Imagine two people having an animated discussion late at night, in an area known to have some criminal activity. It could be a case of escalating aggression, or it might be a lively exchange between friends. It’s difficult to understand the full picture of the event without being able to grasp the nature of the conversation – not the actual words as much as the tone and pitch. Cameras equipped with advanced audio analytics can interpret the level of aggression in spoken language – even if it’s a foreign language – allowing security staff to make a more educated decision on how to respond.

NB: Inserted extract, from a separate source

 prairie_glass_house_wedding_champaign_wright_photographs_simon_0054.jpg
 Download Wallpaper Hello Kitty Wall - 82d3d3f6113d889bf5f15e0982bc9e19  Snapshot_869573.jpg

Everything from aggressive voices, gun shots, car alarms, breaking glass, to the sound of graffiti spray cans in use, can be detected and recognized while other ambient noises can be filtered out to limit the risk of false alarms. The precise detection of these sounds allows for early intervention and the correct action being taken by authorities.  When a sound is identified, a network camera can send video and audio files, emails or other alerts, and activate external devices such as alarms or audio warnings via internal network speakers or external horn speakers. In practice, this can also trigger a PTZ (pan, tilt, zoom) camera to automatically turn to a pre-set location, such as a door or entryway to visually verify the audio alarm.

Adding audio saves costs

The inclusion of audio analytics within a camera’s encasing has transformed the modern surveillance camera into an intelligent sound recognition device. This has been possible due to the processing power in today’s smart cameras and the advanced camera application platforms available today that can be programmed to suit the needs of owners and any defence or law enforcement body. Putting the technology into the cameras saves on cost as well as increasing flexibility and scalability, and analytics can be deployed to compatible legacy camera systems. Additionally, bandwidth can be saved as there is no need to stream in full HD all the time; HD is only streamed when triggered by an audio event.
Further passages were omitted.